Rajasthan's Drug Control Department banned the oxytocin injection TOCIN after a sample failed quality and potency tests.
The ban is critical because oxytocin is used to manage childbirth and prevent postpartum hemorrhage. A failure in potency can lead to ineffective treatment during life-threatening deliveries, increasing the risk of maternal mortality.
Officials targeted TOCIN 5 ml injections manufactured by Jackson Laboratories Pvt Ltd. The department said the ban followed a quality test that revealed the samples contained insufficient oxytocin [1, 2]. Following the discovery, authorities seized 3,500 vials of the drug in the Kota district [1].
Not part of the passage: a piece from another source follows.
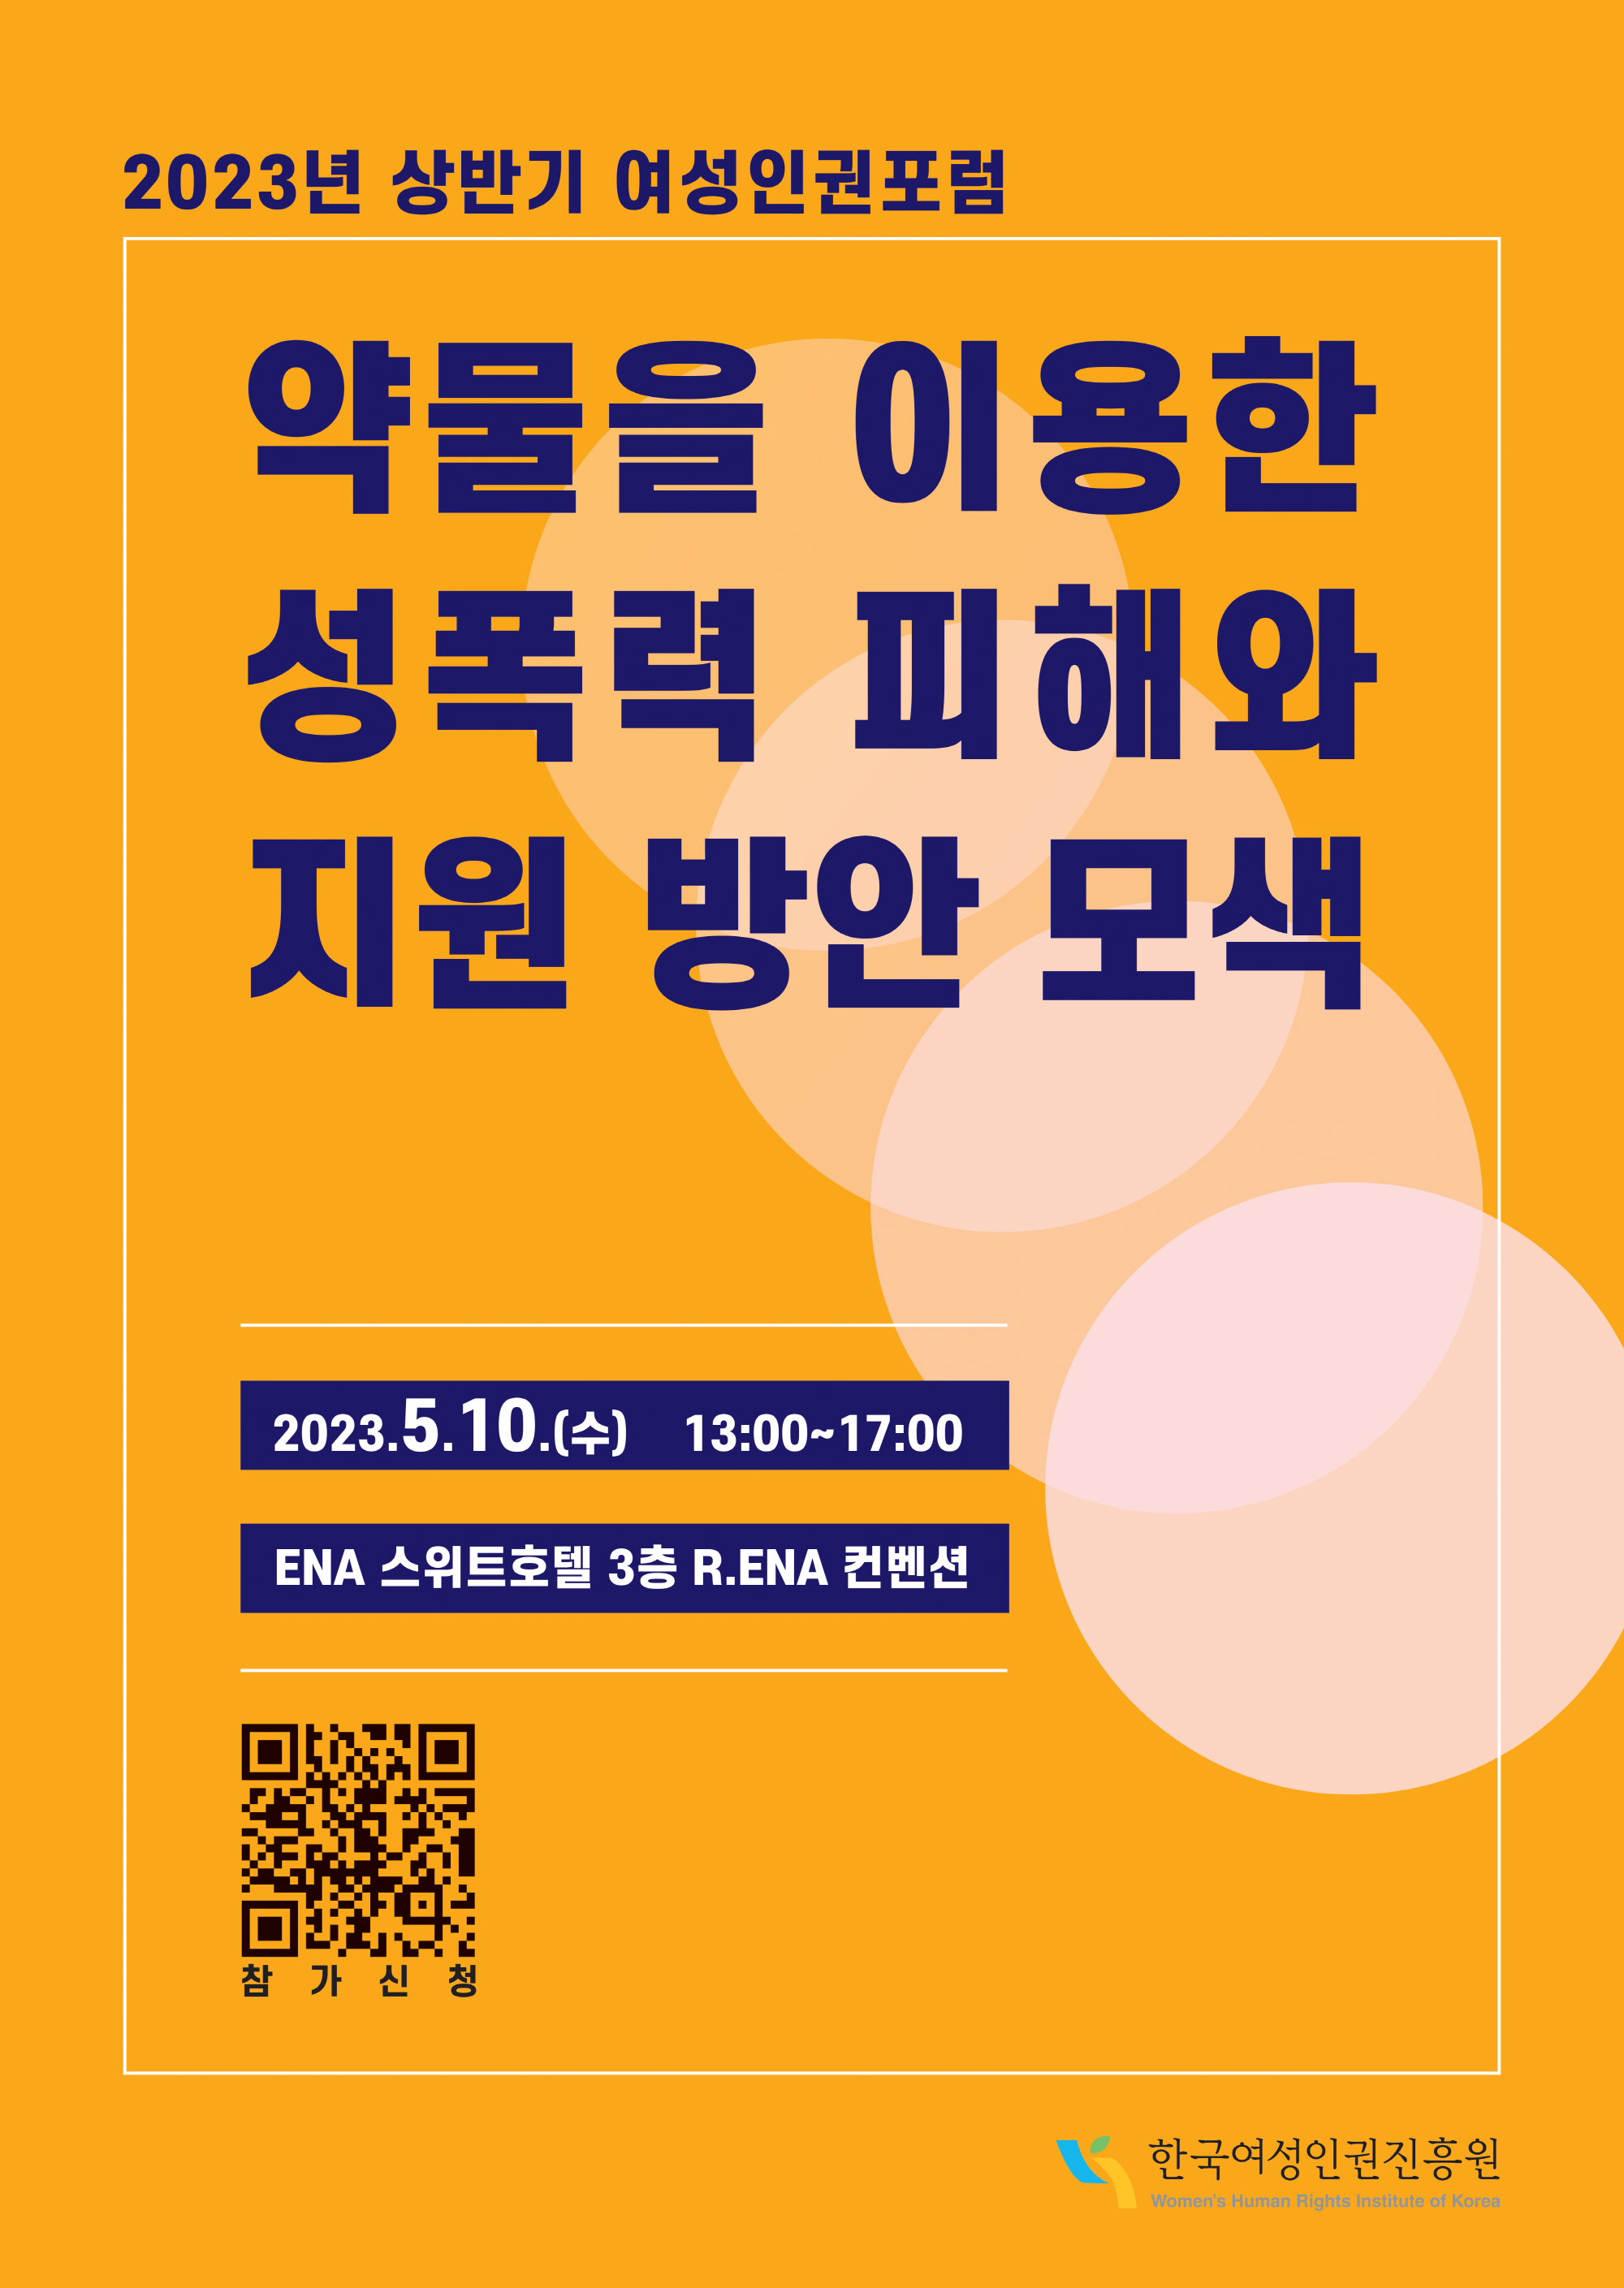 2023년 상반기 여성인권포럼 약물을 이용한 성폭력 피해와 지원 방안 모색 2023.5.10.(수) 13:00~17:00 ENA 스위트호텔 3층 R.ENA 컨벤션 QR코드 참가신청 한국여성인권진흥원 Women's Human Right's Institute of Korea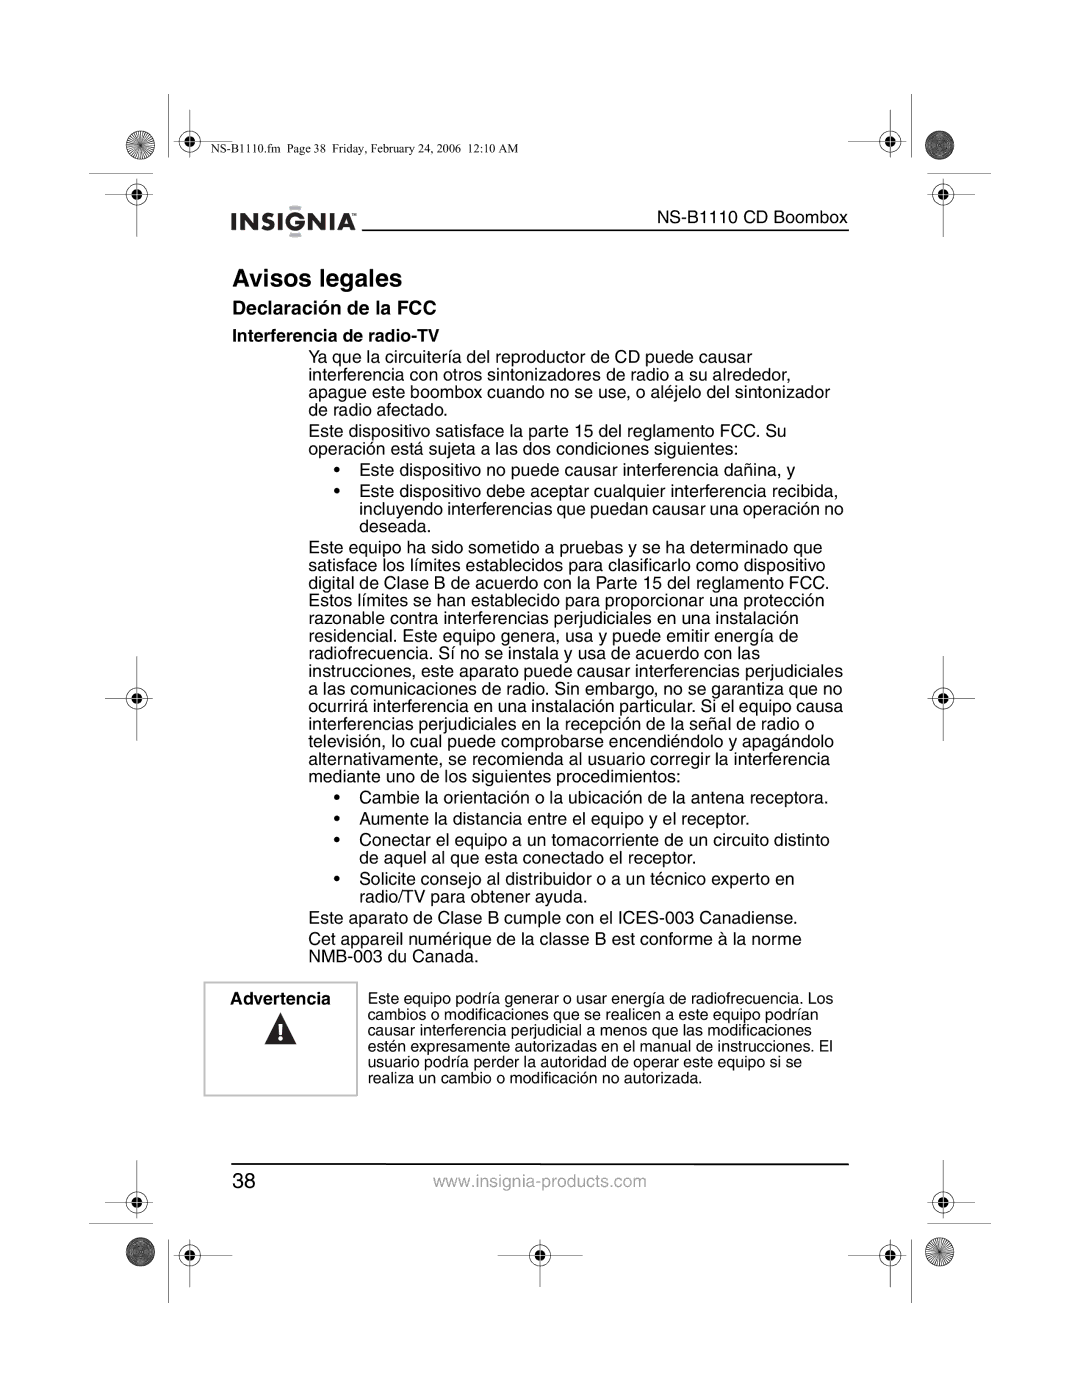 Insignia NS-B1110 manual Avisos legales, Declaración de la FCC, Interferencia de radio-TV, Advertencia

The regulatory action comes amid reports of maternal deaths in Kota hospitals. Some reports indicate five deaths occurred [2], while other accounts specify that two women died during C-sections at New Medical College Hospital [3].
Despite the timing of the ban, the Drug Control Department said the drug was not directly linked to those deaths [1, 2]. The department said the seizure and ban were the result of the failed potency standards discovered during testing.
The oxytocin drug is a standard medical intervention used to induce labor or control bleeding after delivery. When the active ingredient is insufficient, the drug cannot perform its primary function, which may leave patients vulnerable during the most critical stages of childbirth.
“Rajasthan's Drug Control Department banned the oxytocin injection TOCIN after a sample failed quality and potency tests.”
This incident highlights the volatility of pharmaceutical quality control in regional Indian healthcare. While officials have decoupled the potency failure from the specific maternal deaths in Kota, the coincidence of sub-standard medication and patient fatalities underscores the danger of 'silent' potency failures, where a drug is present but chemically ineffective, potentially delaying life-saving interventions.